• _Exercise_
Print all the data below exactly, without images.

• _Exercise data_
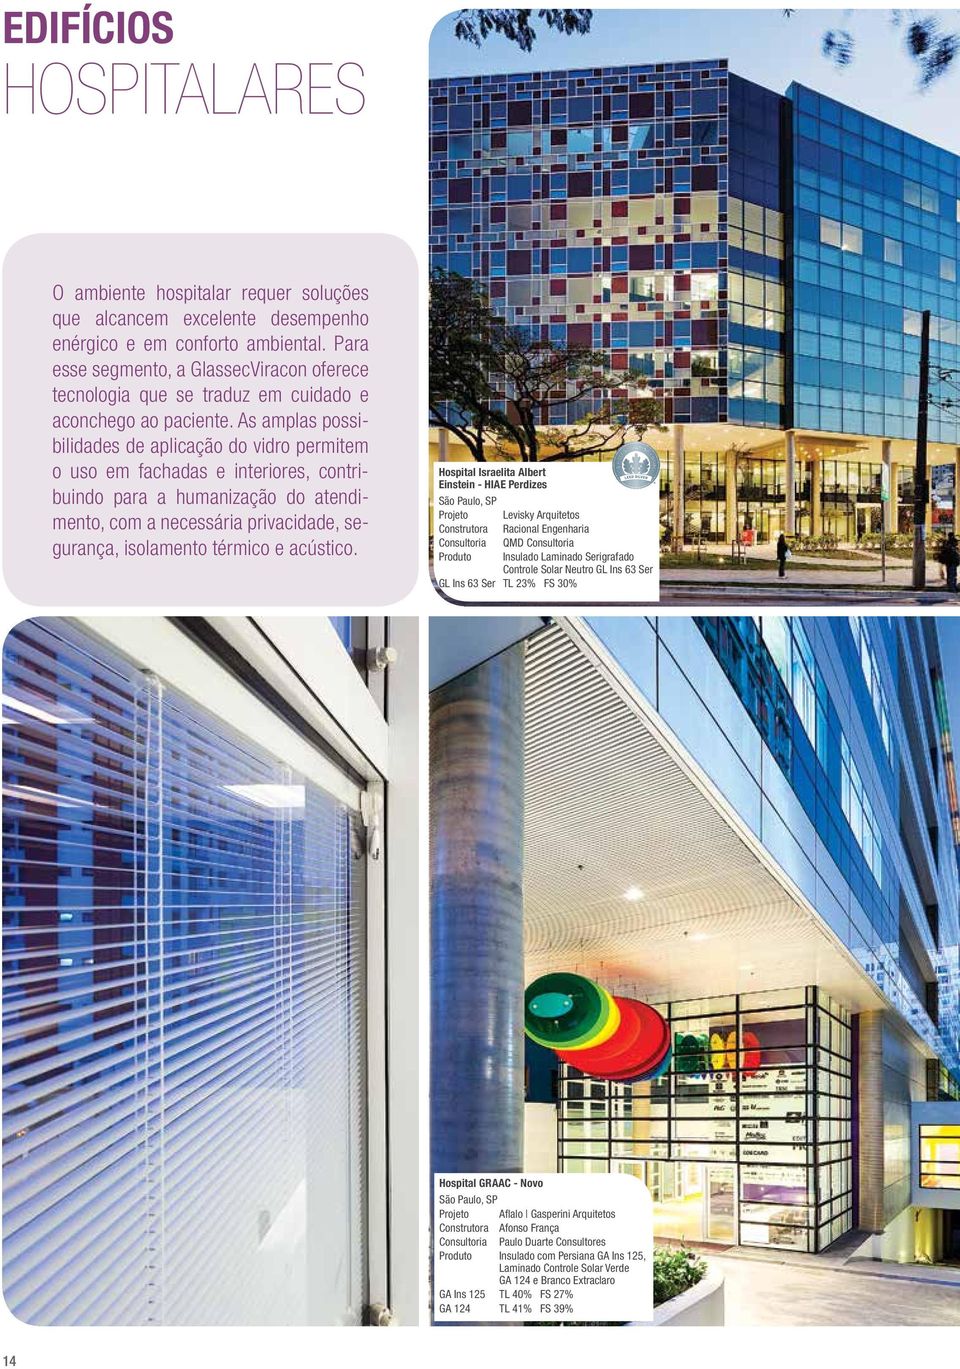 As amplas possibilidades de aplicação do vidro permitem o uso em fachadas e interiores, contribuindo para a humanização do atendimento, com a necessária privacidade, segurança, isolamento térmico e
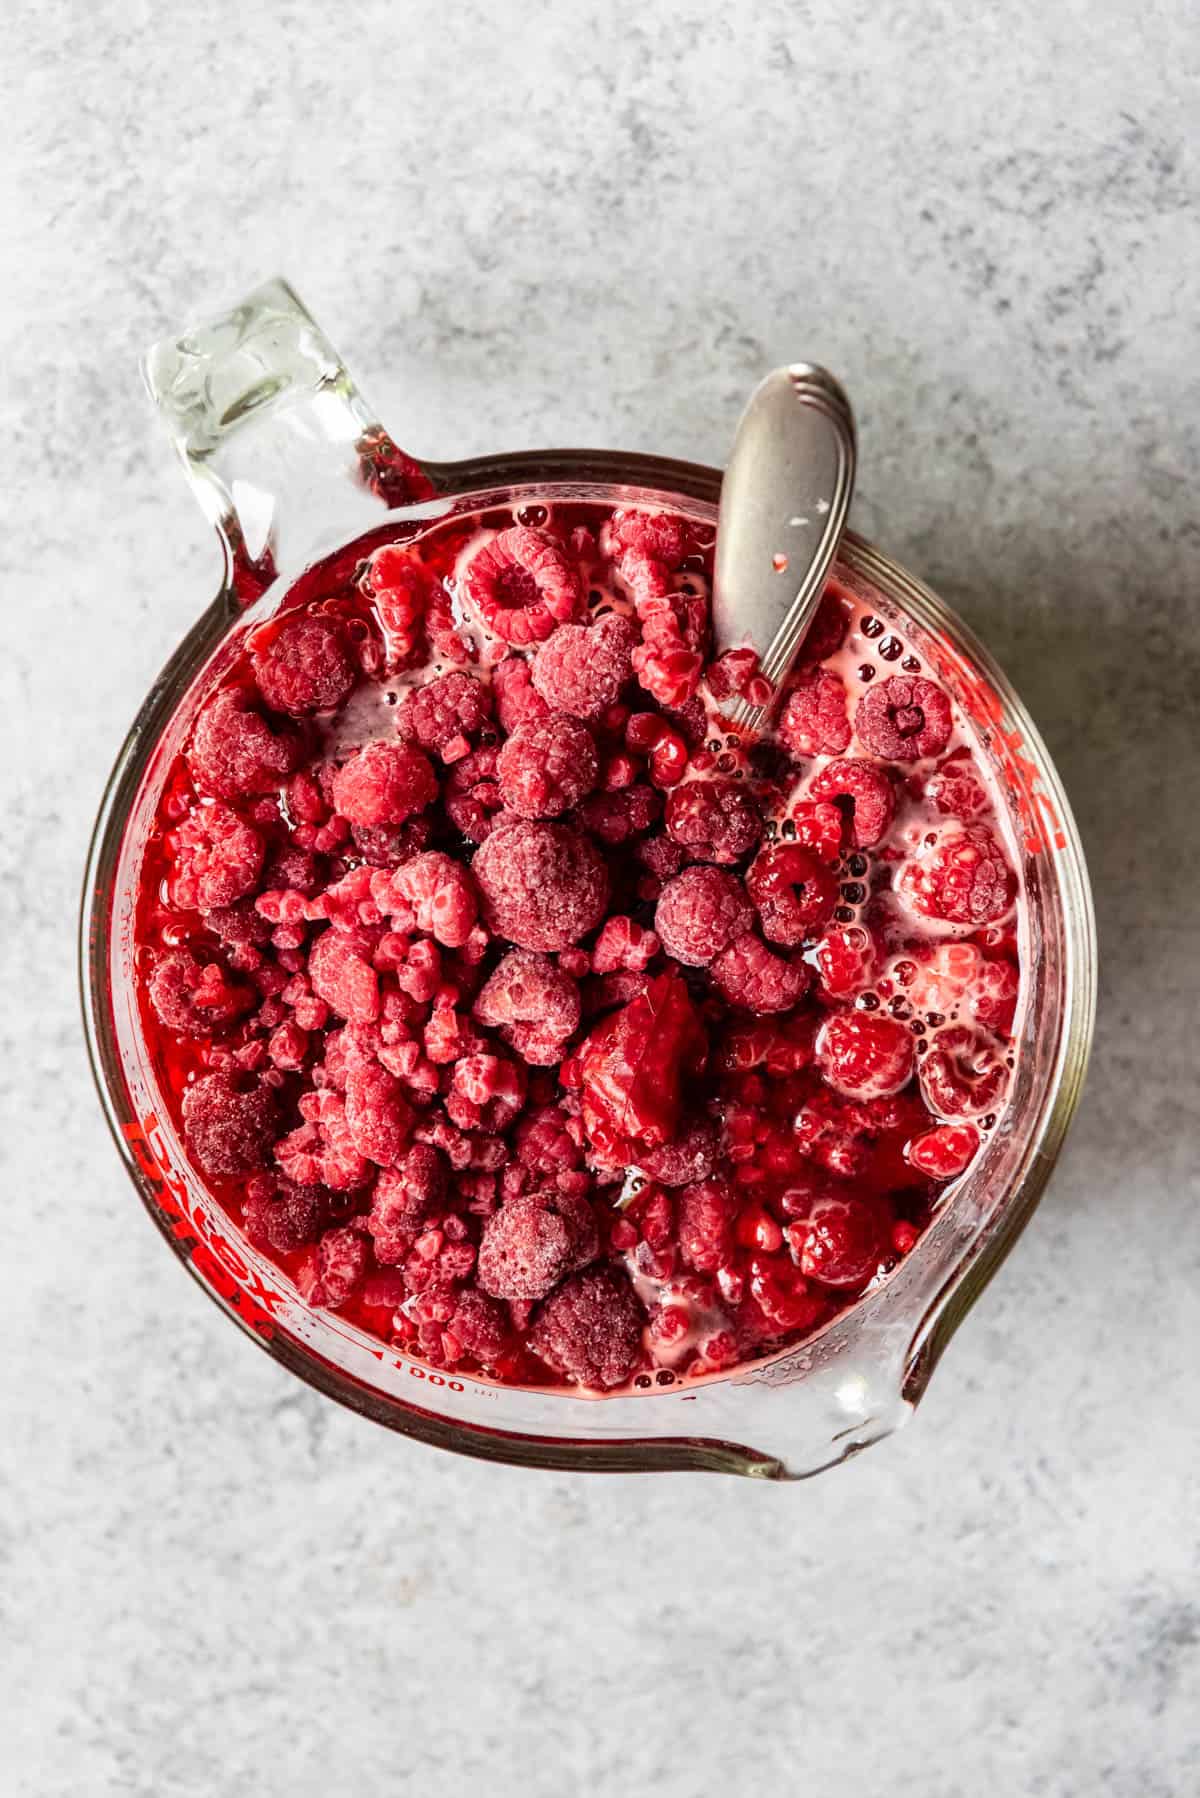 An image of frozen raspberries in jello.
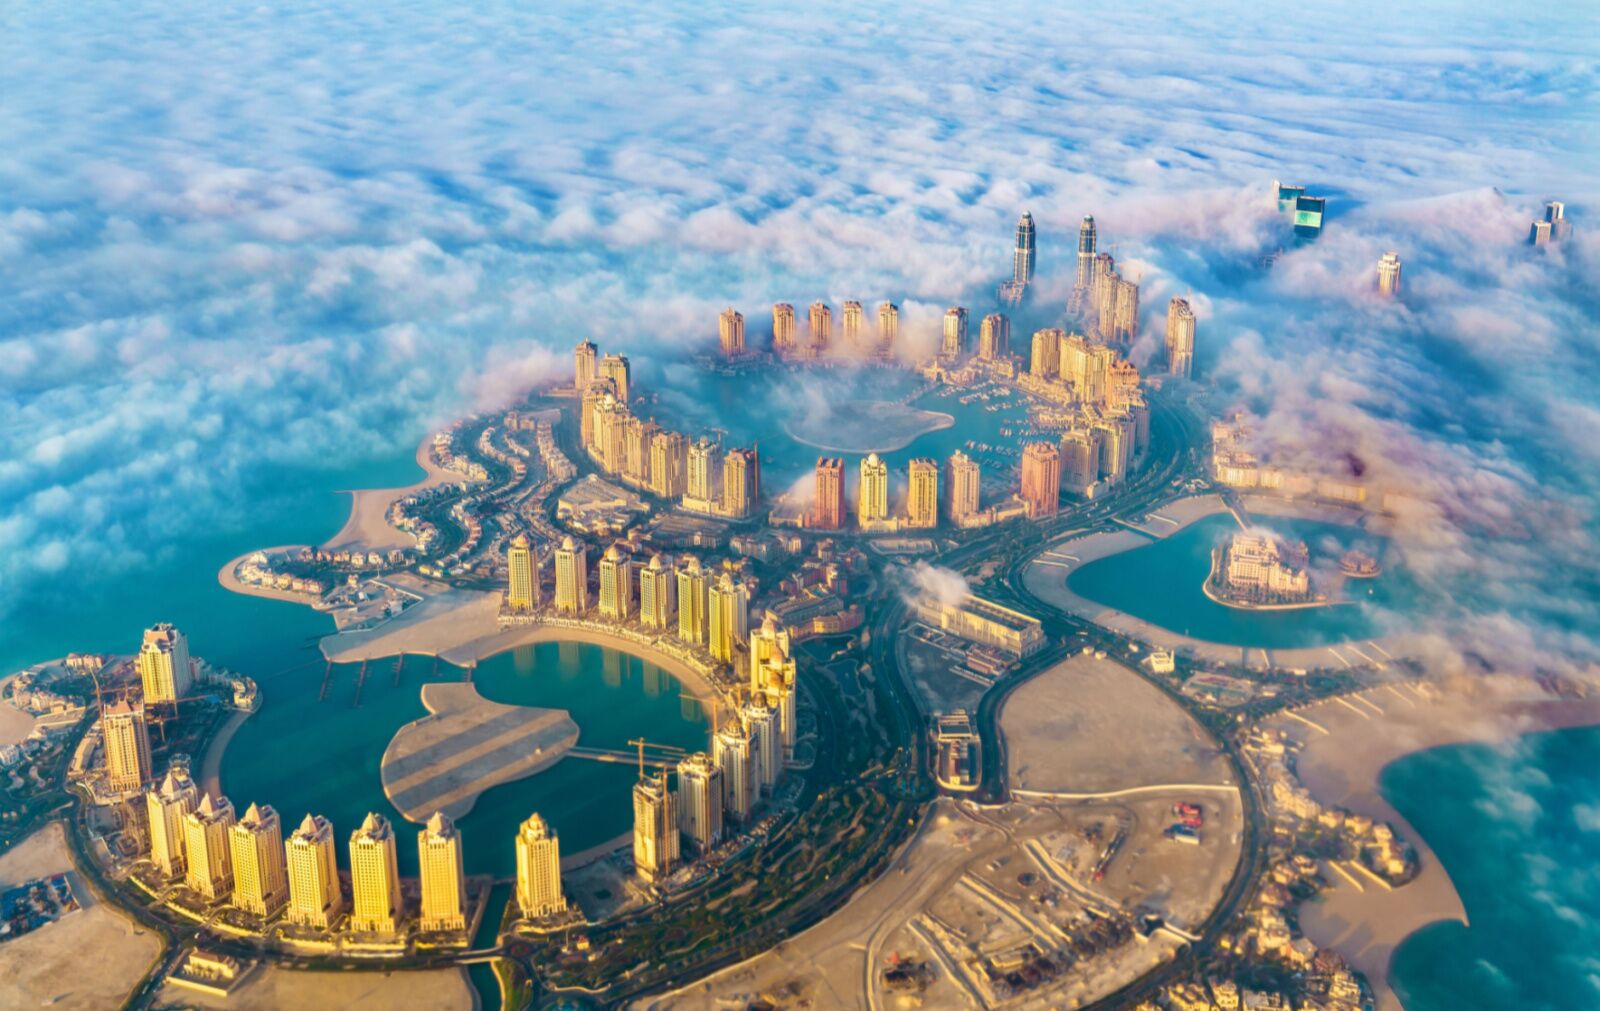 Aerial view of a Qatari island
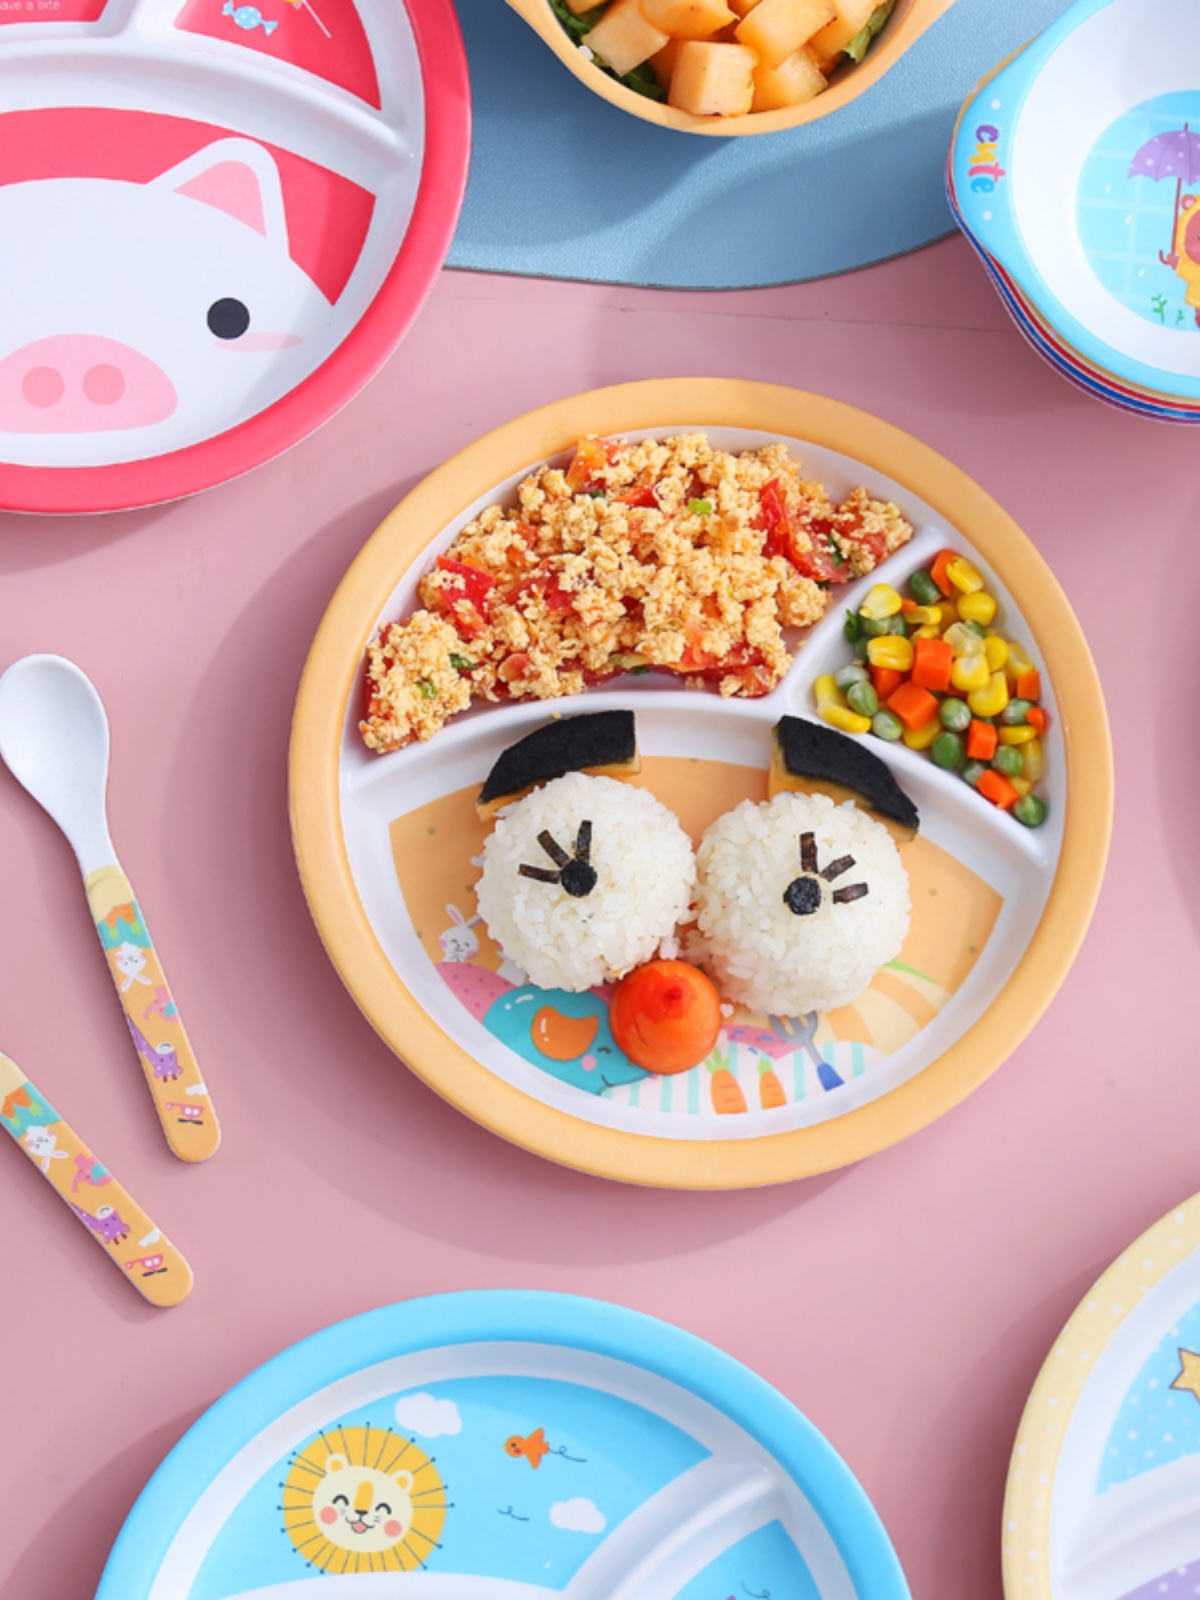 儿童餐具宝宝餐盘辅食碗套装婴儿可爱饭碗叉子勺子分格卡通吃饭

• _Result of the exercise_
 As amplas possibilidades de aplicação do vidro permitem o uso em fachadas e interiores, contribuindo para a humanização do atendimento, com a necessária privacidade, segurança, isolamento térmico e
 An image of frozen raspberries in jello.
 Aerial view of a Qatari island
 儿童餐具宝宝餐盘辅食碗套装婴儿可爱饭碗叉子勺子分格卡通吃饭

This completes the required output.